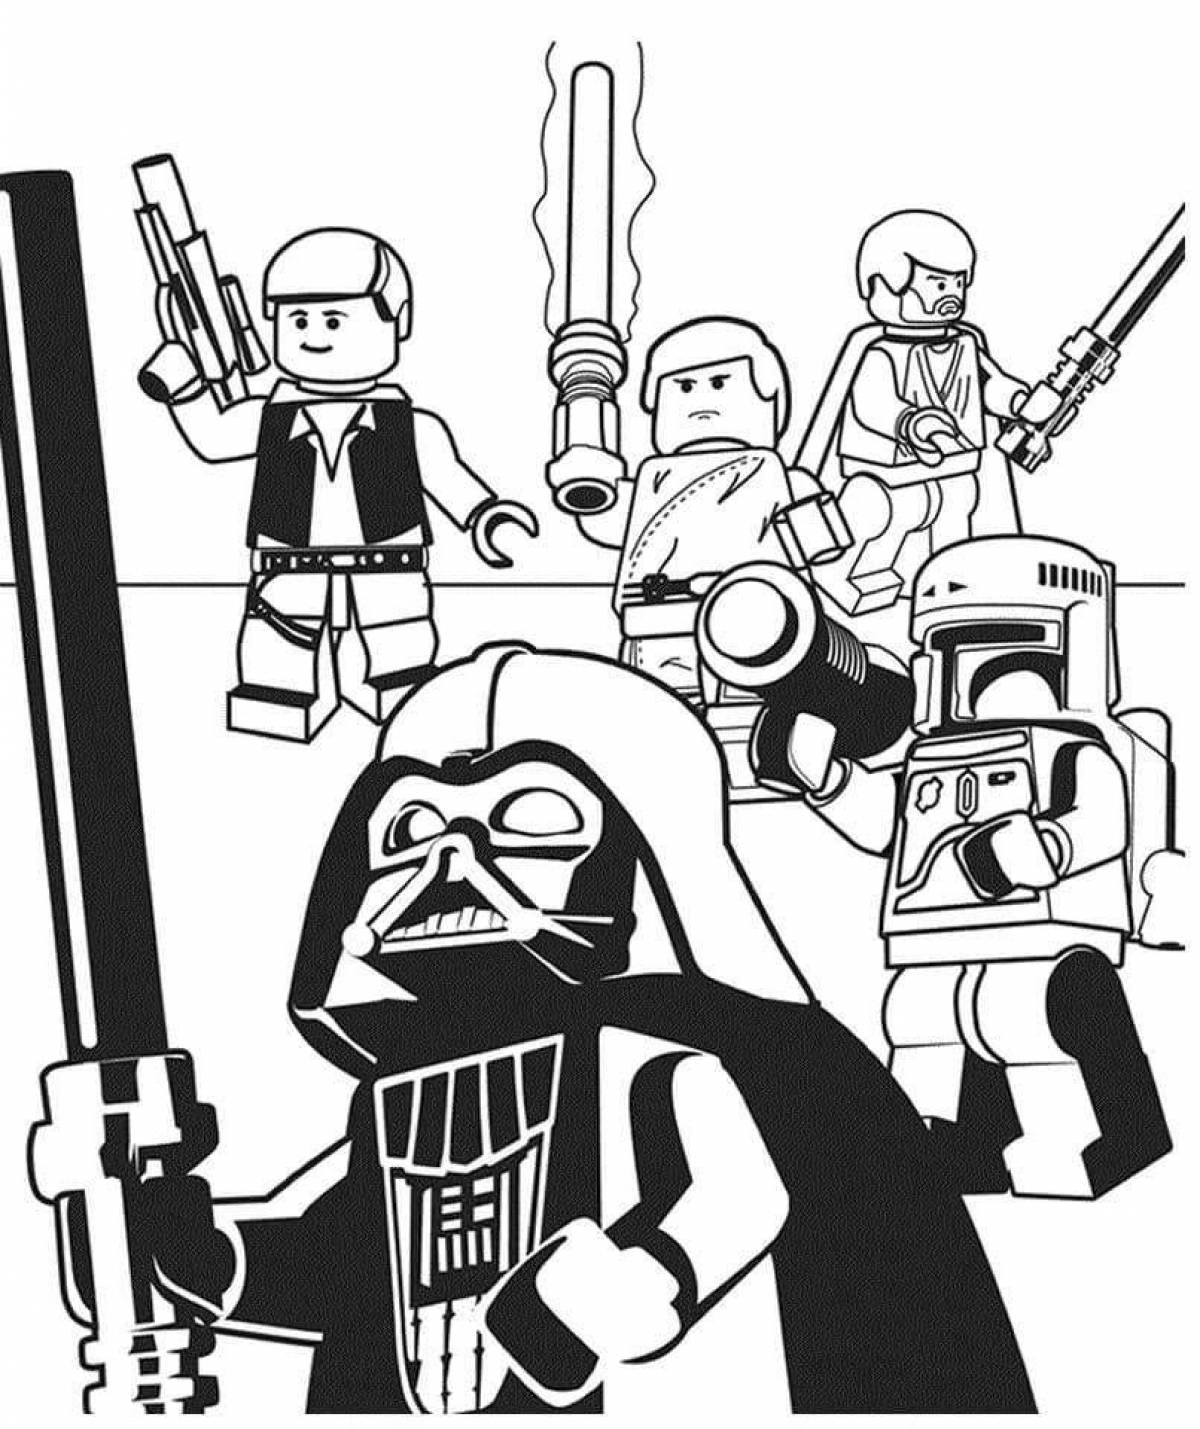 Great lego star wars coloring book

==

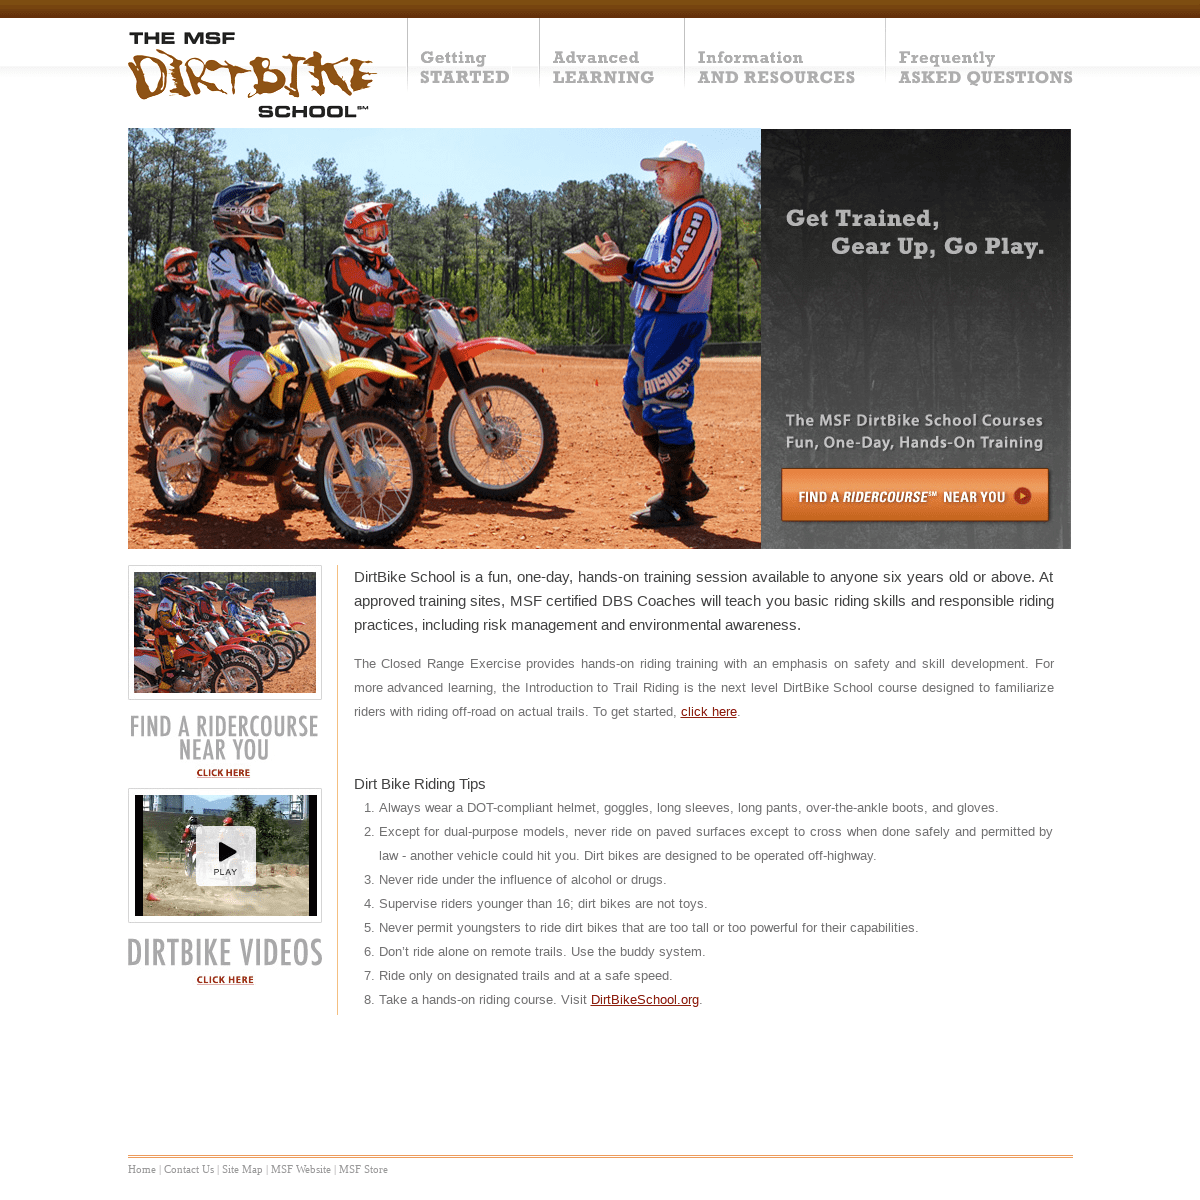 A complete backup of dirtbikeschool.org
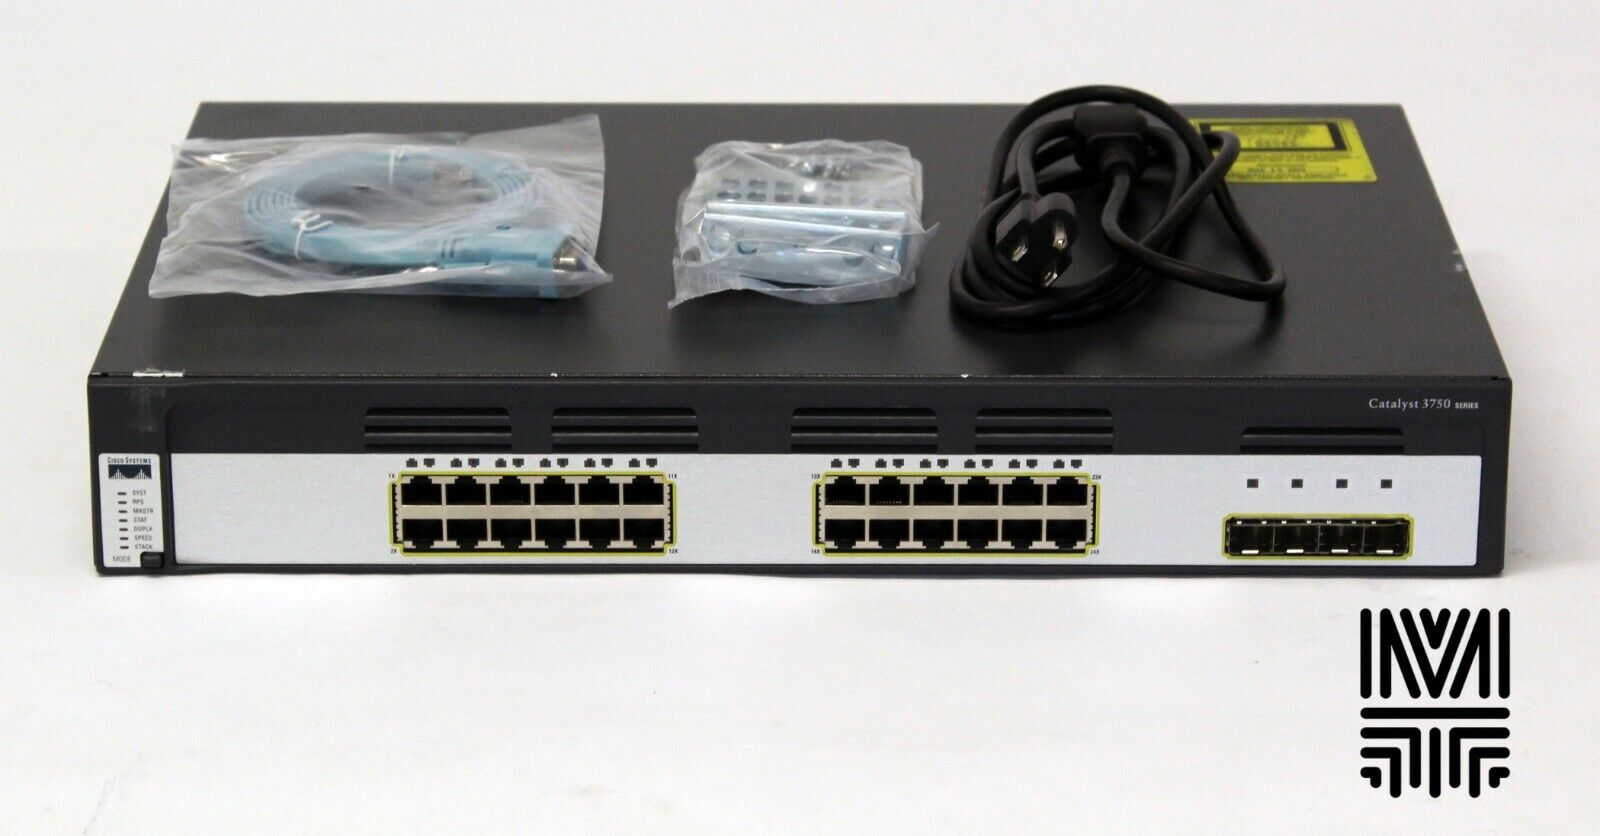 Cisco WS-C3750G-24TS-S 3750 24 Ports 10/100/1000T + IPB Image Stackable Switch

* * *

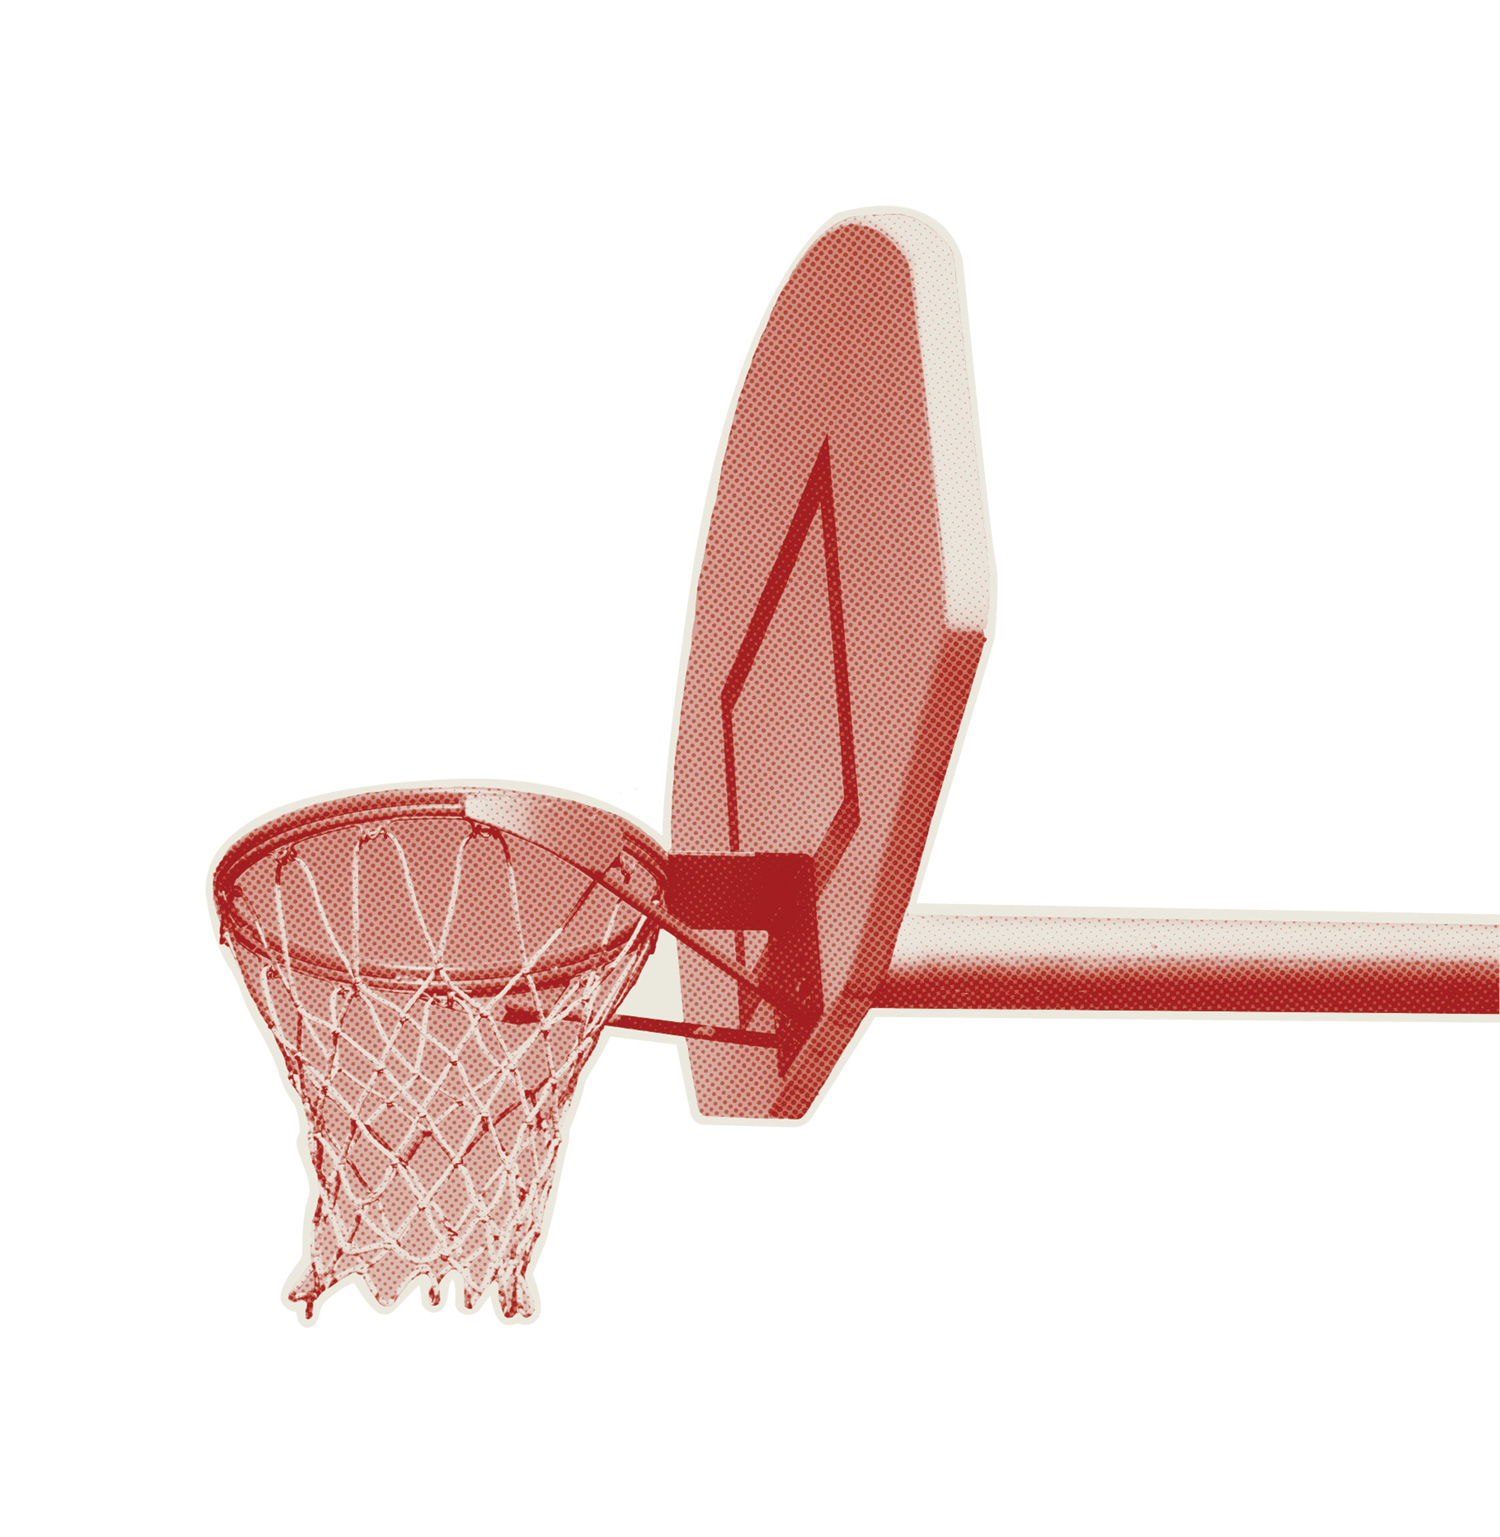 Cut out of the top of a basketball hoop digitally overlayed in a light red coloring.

**What is needed**
What you write must match the listing exactly, from the line with "A complete backup of dirtbikeschool.org" up to and including the line with "Cisco WS-C3750G-24TS-S 3750". Pictures stay out.

**Written response**
 A complete backup of dirtbikeschool.org
 Cisco WS-C3750G-24TS-S 3750 24 Ports 10/100/1000T + IPB Image Stackable Switch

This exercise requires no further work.